Athlonite | AMD | Athlonx2 7750BE (kuma B3)@ 2700MHz | 52.1325secs  17.146575Gflops | x64 bit


----------



## Hockster (Apr 18, 2010)

*Add me*

Hockster | Intel | i7 860@3684 | 43.5343 | 11.8171 64 bit, 8 threads


----------



## newtekie1 (Apr 18, 2010)

Table Updated


----------



## [-erick-] (May 7, 2010)

[-erick-] | Intel | i7 920 4.2ghz | 54.03576 GF | 12.865 | 32bit | 4cores






are my numbers correct?


----------



## Fitseries3 (May 19, 2010)

*Add This Hahah!*

Fitseries3 | Intel | 2x Xeon x5677 @ 4.24ghz (westmere-EP) |103.5649| 8.63125 | 64-bit | 16thread SR2 FTW


----------



## boulard83 (May 19, 2010)

thats some serious Gflops !


----------



## Bot (May 19, 2010)

Fitseries3 said:


> Fitseries3 | Intel | 2x Xeon x5677 @ 4.24ghz (westmere-EP) |*103.5649*| 8.63125 | 64-bit | 16thread *SR2 FTW*


slaughterhouse 
thx for showing this fits


----------



## newtekie1 (May 19, 2010)

Table updated.

And thank you fits for cracking 100 GLOPS and breaking the table...it was fun to go back and 0 fill the rest of the scores on my netbook so the table would sort right...ya lucky bastard!


----------



## Fitseries3 (May 19, 2010)




----------



## JrRacinFan (May 19, 2010)

JrRacinFan | AMD | Phenom II 720 BE @ 3.6 |034.9885| 9.719 | 64-bit | 3 Threads






Just verify I am running @ 3.6Ghz
http://img.techpowerup.org/100519/Capture039.jpg

Nice fits!!!!


----------



## newtekie1 (May 19, 2010)

Table updated.

Hey fits, have you tried running to different processors in that board?  I was just wondering if it was true that eVGA made it possible.  And what about UP processors?


----------



## Fitseries3 (May 19, 2010)

it can only run xeons with dual qpi. you can however run 2 different ones though. i only have these atm


----------



## gja822 (May 26, 2010)

*Add me*

gja822 | AMD | Athlon 64 x2 Dual Core 5200+ @ 2.8GHz | 003.30962 | 01.18120 | 32bit | 

I wonder, why it is SO low, the GFlops/GHz I mean.


----------



## Athlon2K15 (May 26, 2010)

*add me please*

AthlonX2 | Intel | Xeon W3520 4ghz | 056.7980 | 15.738 | 64-bit |


----------



## newtekie1 (May 26, 2010)

Table updated.



gja822 said:


> gja822 | AMD | Athlon 64 x2 Dual Core 5200+ @ 2.8GHz | 003.30962 | 01.18120 | 32bit |
> 
> I wonder, why it is SO low, the GFlops/GHz I mean.

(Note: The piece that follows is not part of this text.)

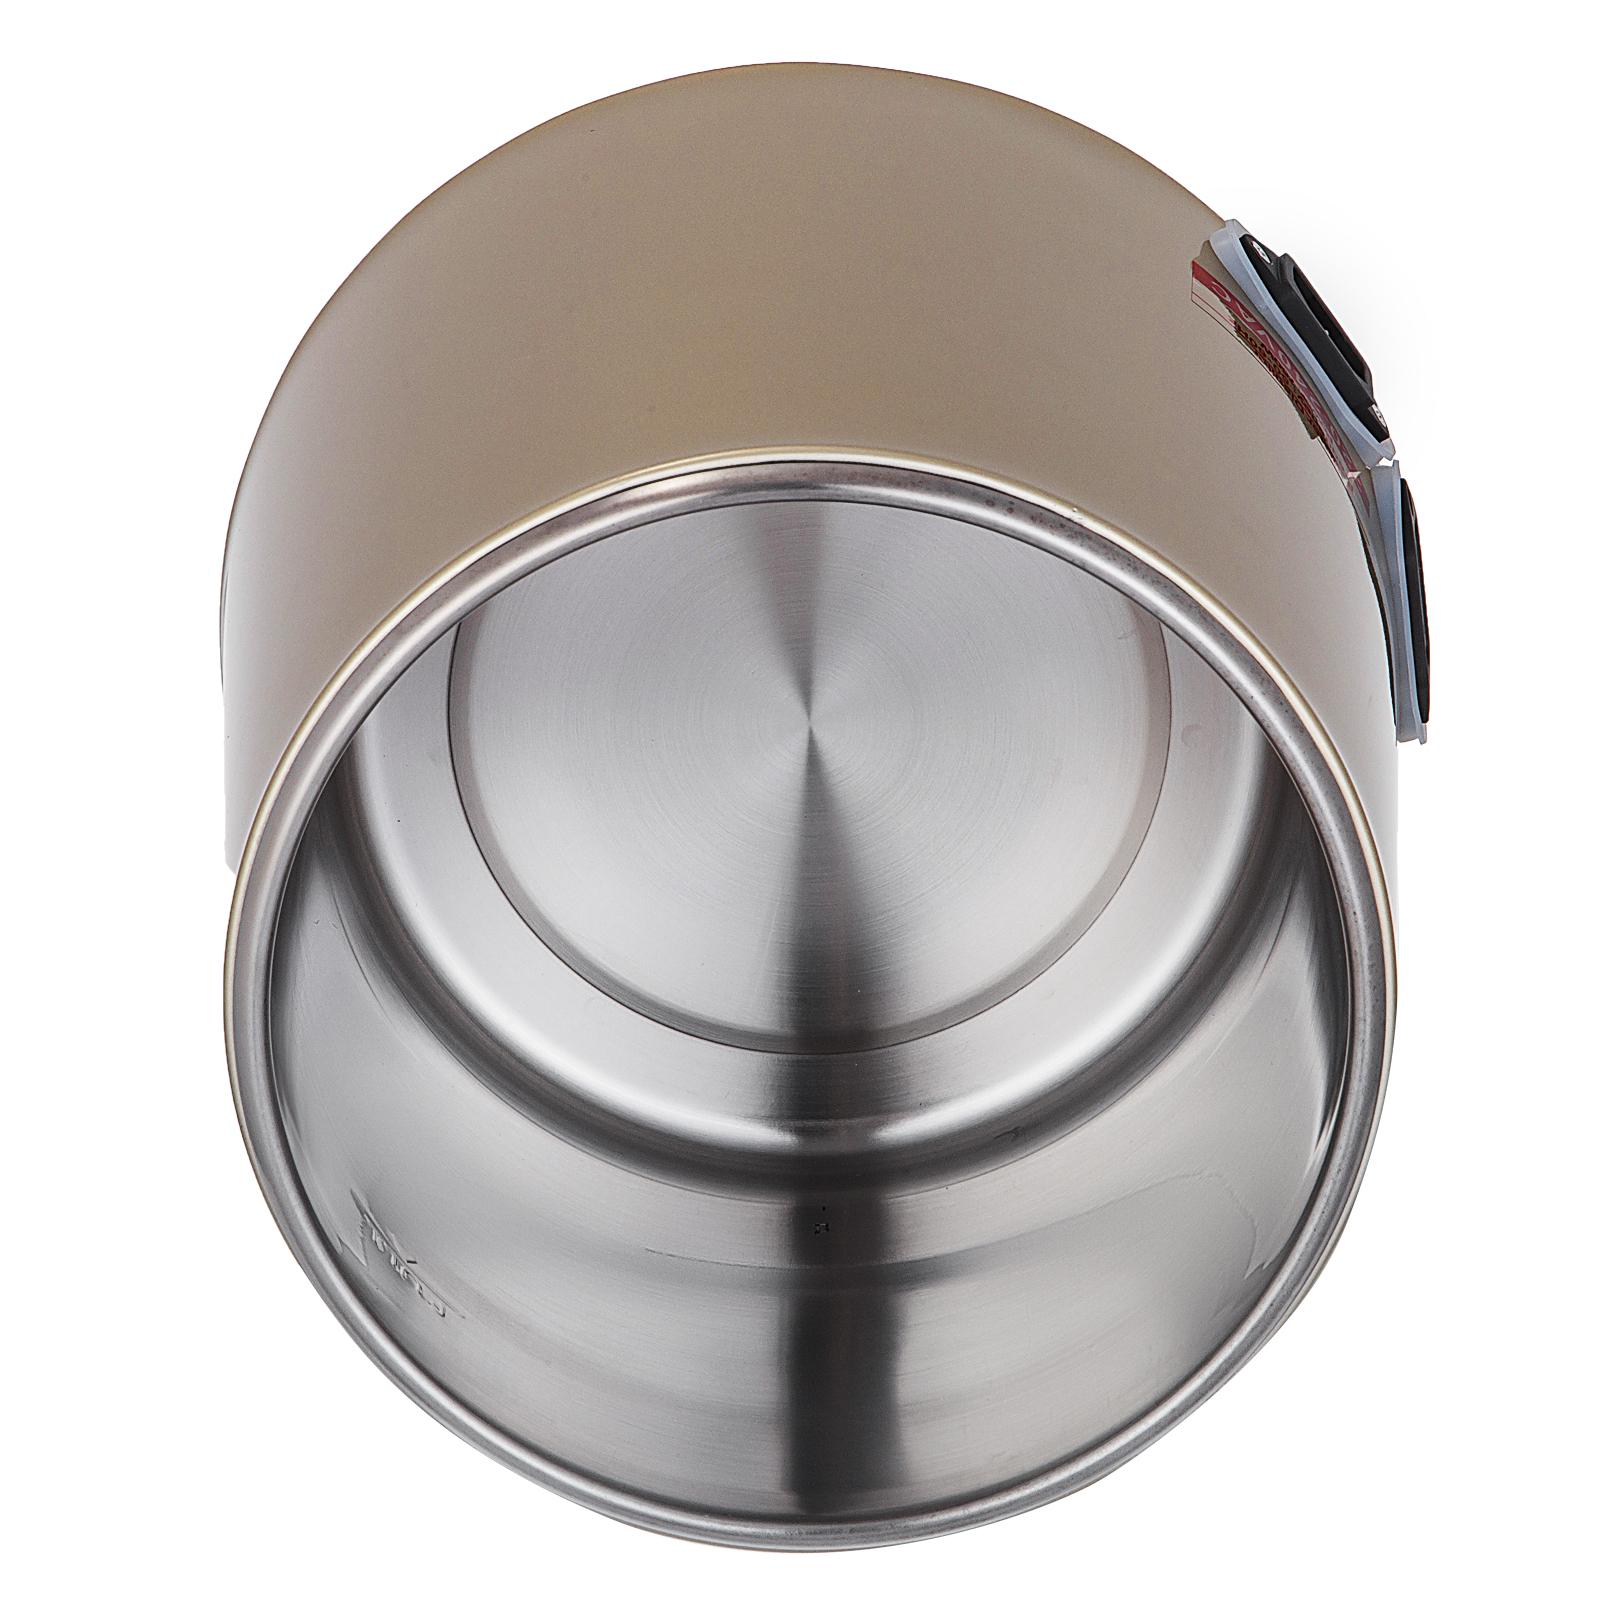 750W-4L-Wasser-Destilliergeraet-Water-Distiller-Einmachglas-Wasserflasche-Zuhause Indexbild 41
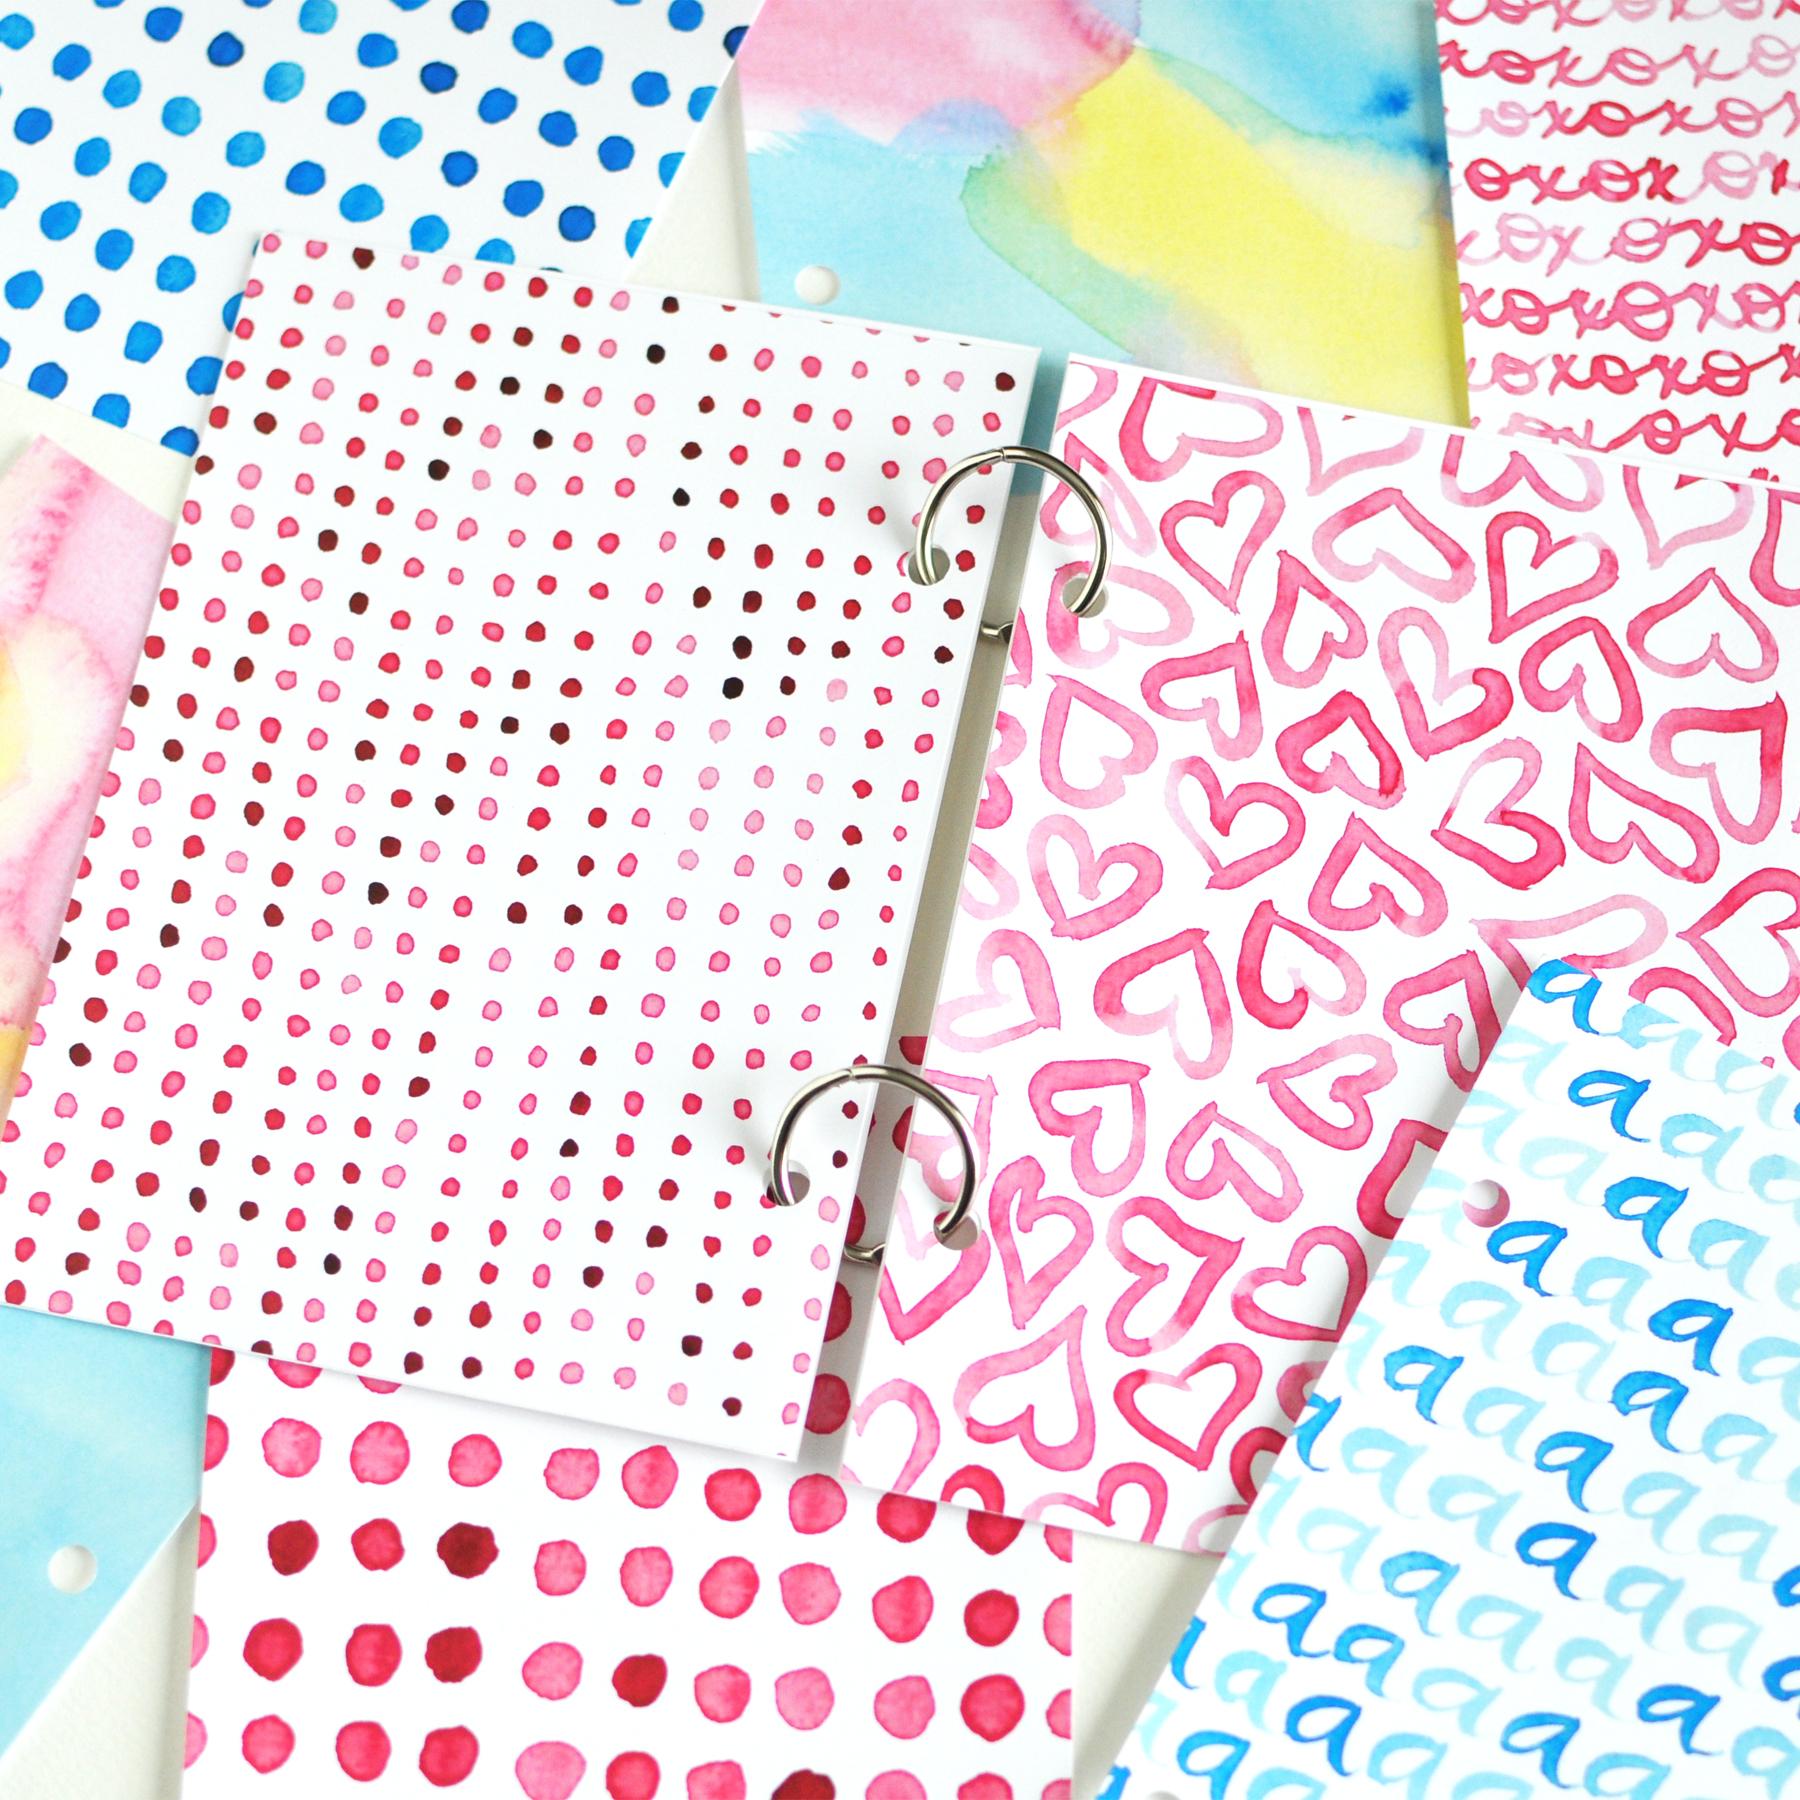 13-02-2019-Patterns-Journal-by-Christie-Zimmer.jpg

It doesn't seem too bad for your processor, maybe a little low, but not majorly low.


----------



## Athlonite (May 27, 2010)

me again with a small OC to 3.0GHz 

Athlonite | AMD | Athlon x2 7750BE 3.0GHz | 48.504 | 016.168| 64-bit |


----------



## AhokZYashA (May 27, 2010)

add me
its my laptop, 
stock and fully stable with undervolting
AhokZYashA | Intel | Core 2 Duo T5450 @ 1.66GHz | 006.68582 | 002.00755 | 32-bit | 2GB of RAM but only ~800MB are available.


----------



## Athlonite (May 27, 2010)

AhokZYashA said:


> add me
> its my laptop,
> stock and fully stable with undervolting
> AhokZYashA | Intel | Core 2 Duo T5450 @ 1.66GHz | 006.68582 | 002.00755 | 32-bit | 2GB of RAM but only ~800MB are available.
> ...



maybe you would like to shut down all the stuff sitting in the systray like uTorrent and the other unnecessary programs that are stealing valuable CPU cycles


----------



## AhokZYashA (May 27, 2010)

ill try that again this night, 
also ill try that with my pc..
because im not at home now.
:grin:


----------



## Bjorn_Of_Iceland (May 27, 2010)

gja822 said:


> gja822 | AMD | Athlon 64 x2 Dual Core 5200+ @ 2.8GHz | 003.30962 | 01.18120 | 32bit |
> 
> I wonder, why it is SO low, the GFlops/GHz I mean.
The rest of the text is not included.